Павор пожал плечами.
— Течение жизни, — туманно сказал он. Трепотня пополам с истиной. — Он посмотрел на Виктора поверх платка. — Не считайте меня идиотом, — сказал он, — вспомните лучше детей, где вы еще видели таких детей? Или, по крайней мере, столько таких детей?
Да, подумал Виктор, таких детей… Кошки кошкам, но этот мокрец в зале — это вам не кошка пополам с дождем… Есть такое выражение: лицо, освещенное изнутри. Именно такое лицо было у Ирмы, а когда она разговаривает со мной, лицо ее освещено только снаружи. А с матерью она вообще не разговаривает — цедит сквозь зубы что-то брезгливо — снисходительное… Но если это так, если это правда, а не грязная болтовня, то выглядит это крайне нечист плотно. Что им нужно от детей? Они же больные люди, обреченные… И вообще, что за свинство — настраивать детей против родителей, даже против таких родителей, как мы с Лолой. Хватит с нас господина Президента: нация выше родительских уз, Легионы Свободы — ваш отец и ваша мать, и мальчик идет в ближайший штаб и сообщает, что отец назвал господина Президента странным человеком, а мать назвала поход Легиона разорительным предприятием. А теперь еще является черный мокрый дядя и уже безо всяких объясняет, что отец твой — пьяная безмозглая скотина, а мать — дура и шлюха. Положим, что это верно, но все равно свинство, все это должно делаться не так, и не их это собачье дело, не они за это отвечают, и никто не просит заниматься таким просветительством… Патология какая-то. Если только это просветительство. А если похуже? Дитя начинает розовыми губками лепетать о прогрессе, начинает строить страшные жестокие вещи, не ведая, что лепечет, но уже от младых ногтей приучаясь к интеллектуальной жестокости, к самой страшной жестокости, какую можно придумать, а они, намотав черные тряпки на шелушащиеся физиономии, стоят за стеной и дергают ниточки… и, значит, никакого нового поколения нет, а есть вся та же старая и грязная игра в марионетки, и я был вдвойне ослом, когда обмирал сегодня на сцене… До чего же это мерзкая затея — наша цивилизация…
— …имеющий глаза да видит, — говорил Павор. — Нас не пускают в лепрозорий. Колючая проволока, солдаты, ладно. Но кое-что можно видеть и здесь, в городе. Я видел, как мокрецы разговаривают с мальчишками и как ведут себя при этом эти мальчишки, какими они становятся ангелочками, а спроси у него, как пройти к фабрике — он тебя обольет презрением с ног до головы…
Нас не пускают в лепрозорий, — думал Виктор. — Колючая проволока — а мокрецы гуляют по городу свободно. Но не Голем же это выдумал… Вот сволочь, подумал он, отец нации. Вот мерзавец. Значит, и здесь его работа. Лучший друг детей… Очень может быть, очень на него похоже. А вы знаете, господин Президент, на вашем месте я бы попытался разнообразить свои приемы. Слишком легко стало отличить ваш хвост от всех других хвостов. Колючая проволока, солдаты, пропуска — значит, господин Президент; значит, обязательно какая-нибудь мерзость…
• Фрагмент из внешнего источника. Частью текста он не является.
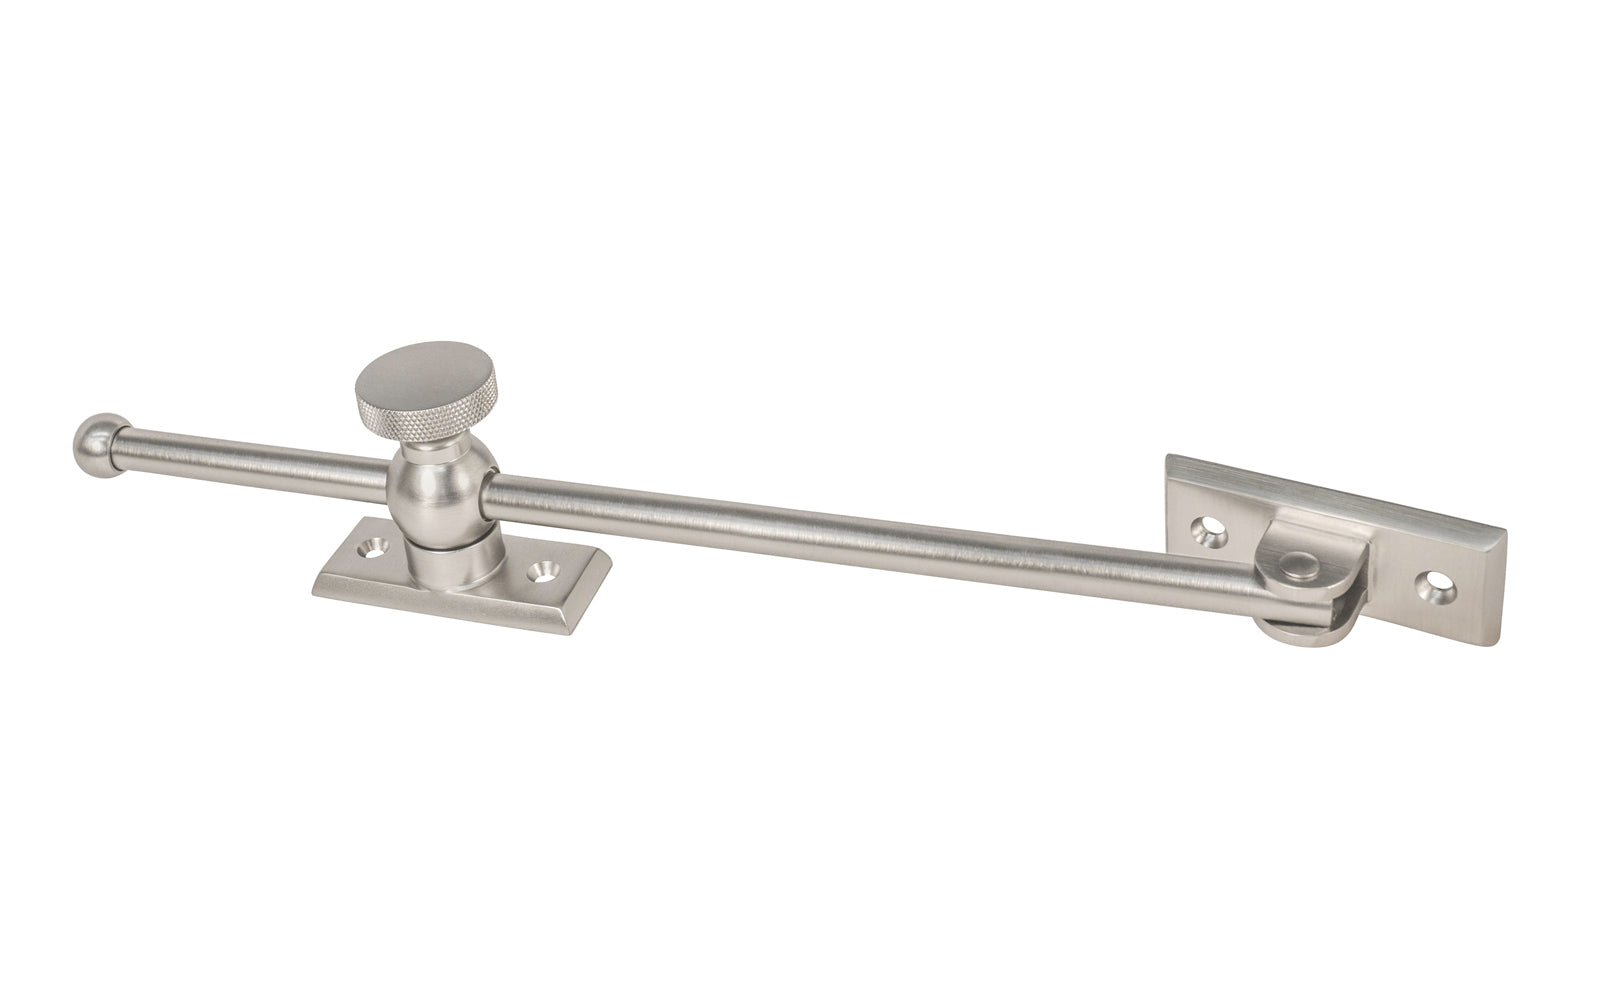 Vintage-style Classic & Premium Solid Brass Casement Adjuster Stay ~ 10" Length. For securing outswing casement windows. It has a durable pivot turn with a knurled knob for smooth & secure operation. Brushed Nickel Finish

— На кой черт там колючая проволока? — спросил Виктор.
— А я откуда знаю? — сказал Павор. — Никогда раньше там не было колючей проволоки.
— Значит, вы там бывали?
— Почему? Не был. Но не первый же я здесь санитарный инспектор… да дело и не в колючей проволоке, мало ли на свете колючей проволоки. Детишек туда пускают беспрепятственно, мокрецов оттуда выпускают беспрепятственно, а нас с вами туда не пустят — вот это удивительно.
Нет, это все-таки не Президент, — думал Виктор. — Президент и чтение Зурзмансора, да еще и Банева — это как-то не совмещается. И эта разрушительная идеология… Если бы я такое написал, меня бы распяли. Непонятно, непонятно… и нечисто. Спрошу-ка я у Ирмы, подумал он. Просто спрошу и посмотрю, что она будет делать… Между прочим, и Диана должна кое-что знать…
— Вы не слушаете? — спросил Павор.
— Виноват, задумался.
— Я говорю, что не удивился бы, если бы город принял бы меры. При чем, как и полагается городу, жестокие.
— Я тоже не удивился бы, — пробормотал Виктор. — Я не удивлюсь, если даже мне самому захочется принять кое-какие меры.
Павор поднялся и подошел к окну.
— Ну и погодка, — сказал он с тоской. — Уехать бы отсюда поскорее. Дадите вы мне книгу или нет?
— У меня нет книг, — сказал Виктор. — Все, что я с собой привез, все в санатории… Слушайте, а зачем мокрецам наши дети?
Павор пожал плечами.
— Это же больные люди, — ответил он. — Откуда нам знать, мы то с вами здоровые.
В дверь постучали, и вошел Голем, грузный и мокрый.
— Спросим Голема, — сказал Павор. — Голем, зачем мокрецам наши дети?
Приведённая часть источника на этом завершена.